SQLMesh VS Code Extension: Architecture, Stack & Delivery
Built a VS Code extension to execute and visualize fetchdf commands in-editor. Built with SQLMesh, TypeScript, VS Code API.
By Yogendra Raghuvanshi
Introduction
In this article I break down how I designed and delivered SQLMesh VS Code Extension — from the original business pain point through architecture, technology choices, implementation phases, and lessons learned. This is the same project featured in my portfolio's Built Solutions section, documented here in full technical depth for engineers, architects, and hiring managers who want to understand how the work was actually done.
I led this initiative as part of my broader program delivery work across enterprise AI, data platforms, and analytics transformation. The approach reflects how I operate: start with the business outcome, choose the minimum viable architecture, instrument everything, and iterate with real users.
Business problem
Developers context-switched between IDE and pipeline tools to run SQLMesh commands.
Built a VS Code extension to execute and visualize fetchdf commands in-editor.
Architecture decisions
Key design choices that shaped reliability, performance, and maintainability of the solution.
- Executes CLI in workspace context for correct SQLMesh project root
- Limits row preview for performance on large results
- Secrets never stored in extension settings
Technology stack in depth
This project was built with SQLMesh, TypeScript, VS Code API. Each technology was selected for a specific role in the architecture — not because it was trendy, but because it solved a measured bottleneck.
- SQLMesh: production component with documented integration patterns and operational runbooks
- TypeScript: production component with documented integration patterns and operational runbooks
- VS Code API: production component with documented integration patterns and operational runbooks
Implementation timeline
Delivery followed phased milestones with explicit deliverables at each gate. This kept stakeholders aligned and made progress auditable for program reviews.

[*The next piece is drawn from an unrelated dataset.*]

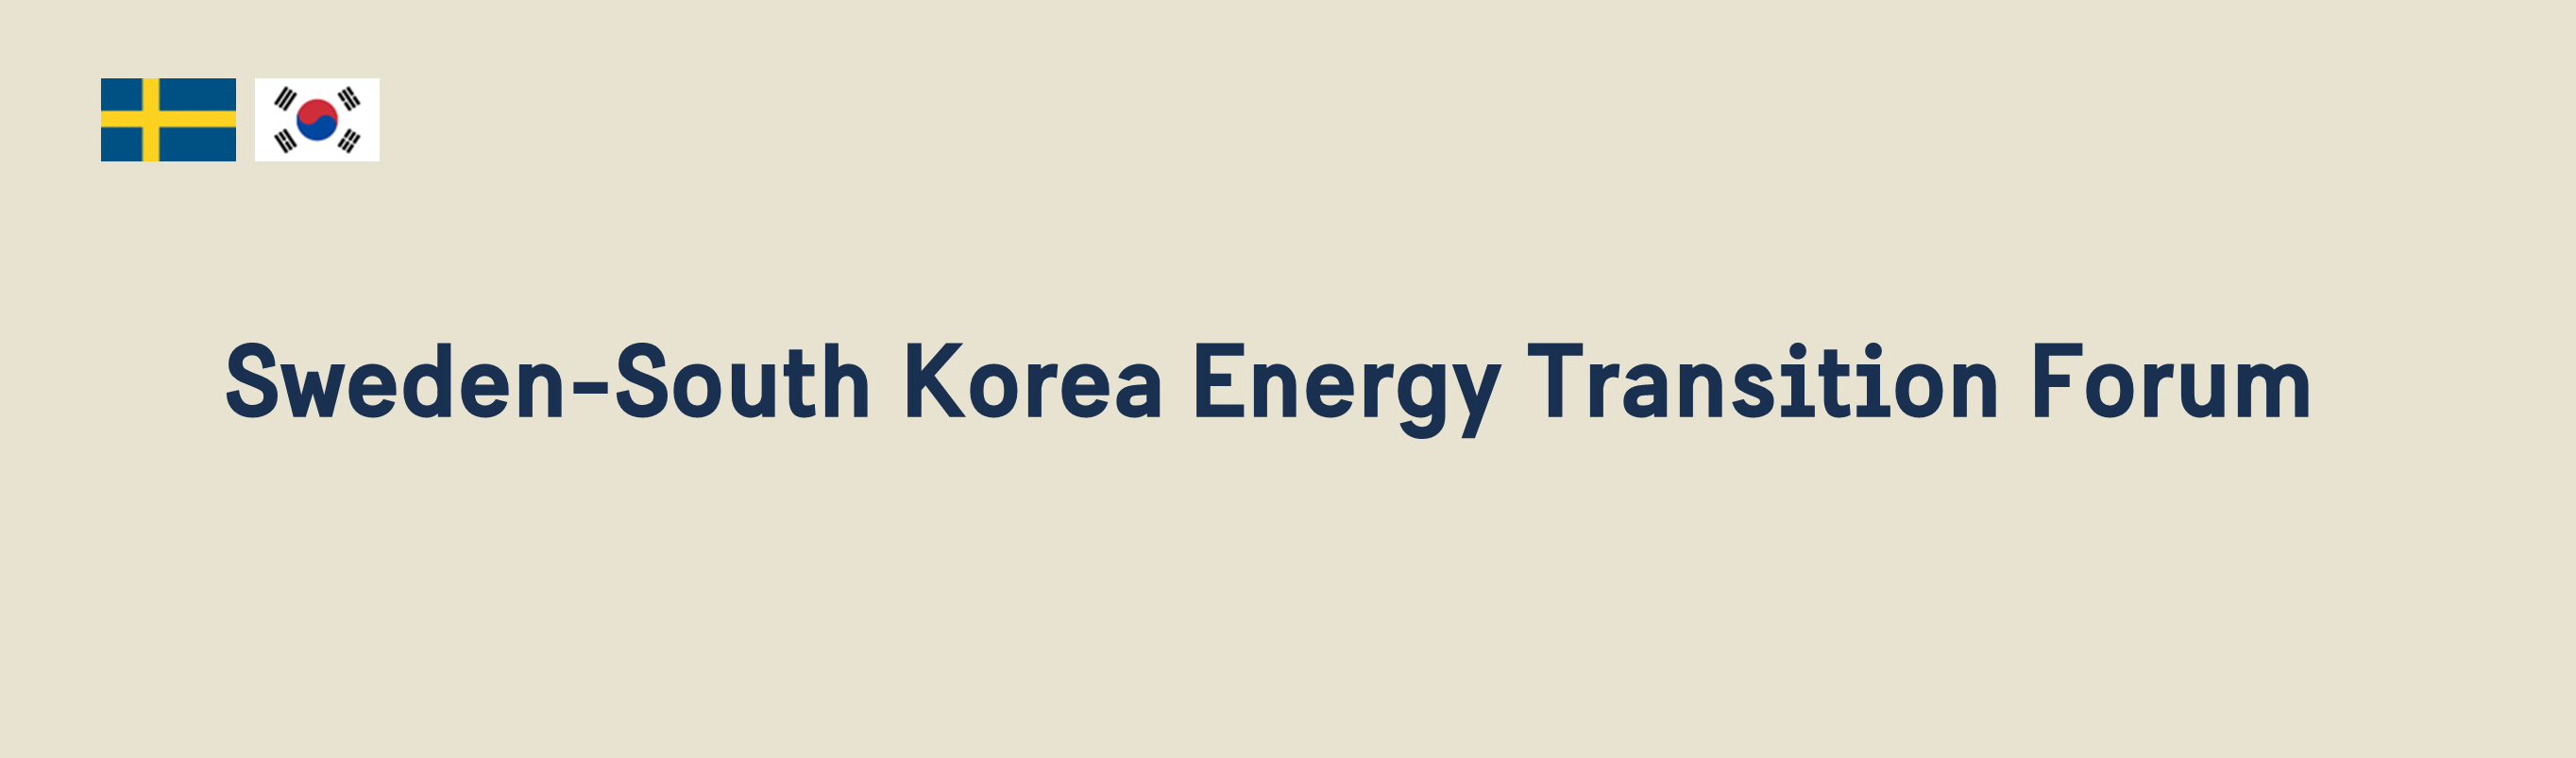 Header image for Sweden-South Korea Energy Transition Forum

- Extension scaffold (1 week): VS Code API integration and SQLMesh CLI wrapper.
- → Extension boilerplate
- → Command palette hooks
- fetchdf execution (2 weeks): Run models and render dataframe preview in webview panel.
- → Command runner
- → Output panel
- → Error surfacing
- Team rollout (1 week): Internal docs and pairing sessions with data engineers.
- → README
- → Demo video
- → Adoption tracking
Extension architecture
The extension wraps the SQLMesh CLI in the VS Code workspace context so commands always run against the correct project root. A webview panel renders dataframe previews with row limits for performance on large result sets.

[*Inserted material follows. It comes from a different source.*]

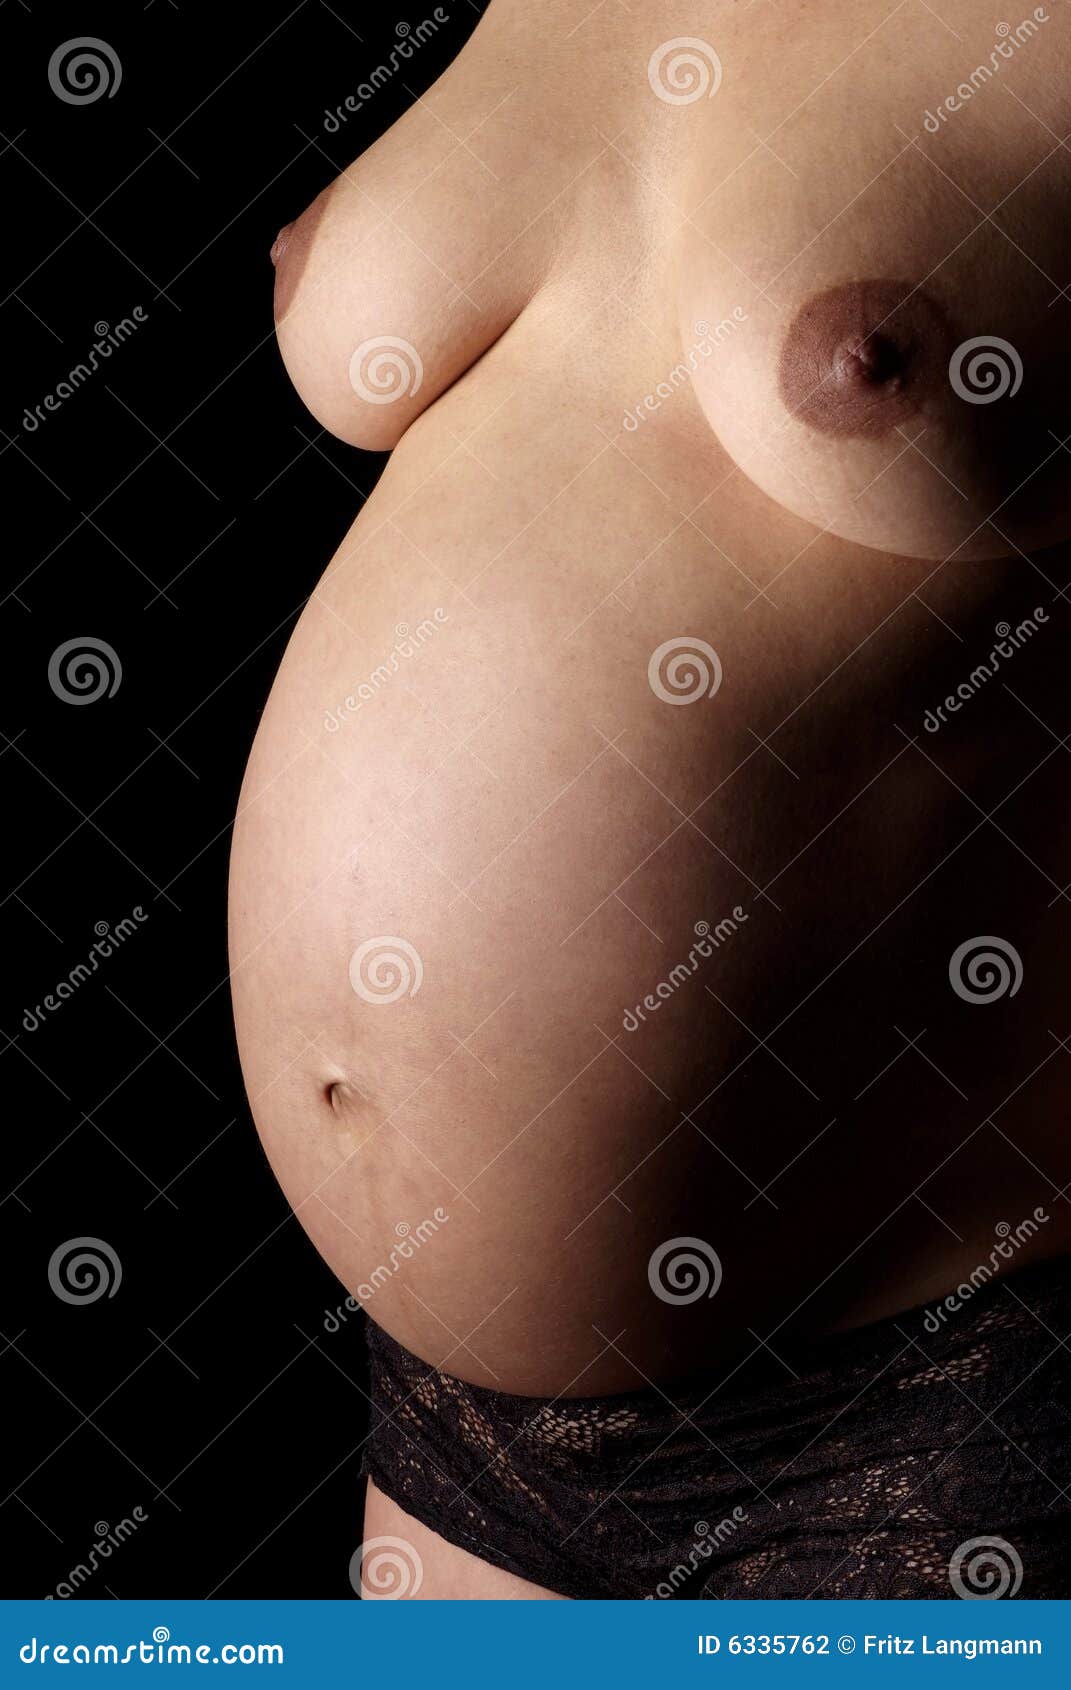 Tits pregnant

Secrets are never stored in extension settings — connection strings remain in environment variables or SQLMesh config files managed by the platform team.
- Command palette: SQLMesh Run Model, SQLMesh Fetch DF, SQLMesh Plan
- CLI stdout/stderr surfaced in integrated terminal with error highlighting
- Preview capped at 1,000 rows with export-to-CSV option
- Workspace-aware project root detection via sqlmesh.yaml
Adoption and impact
Developer experience investments compound. After internal rollout with pairing sessions and a demo video, iteration cycles on pipeline models dropped because engineers no longer context-switched to terminal-only workflows.
Business outcomes
Reduced developer friction and accelerated pipeline iteration.
Success was measured against adoption, latency/throughput targets, and stakeholder feedback — not just deployment dates. Program reviews tracked these KPIs alongside technical milestones.
Lessons learned
Developer experience investments compound across data platform adoption.
If I were starting again, I would invest even earlier in observability and golden test sets. The cost of retrofitting guardrails after pilot launch always exceeds building them in from day one.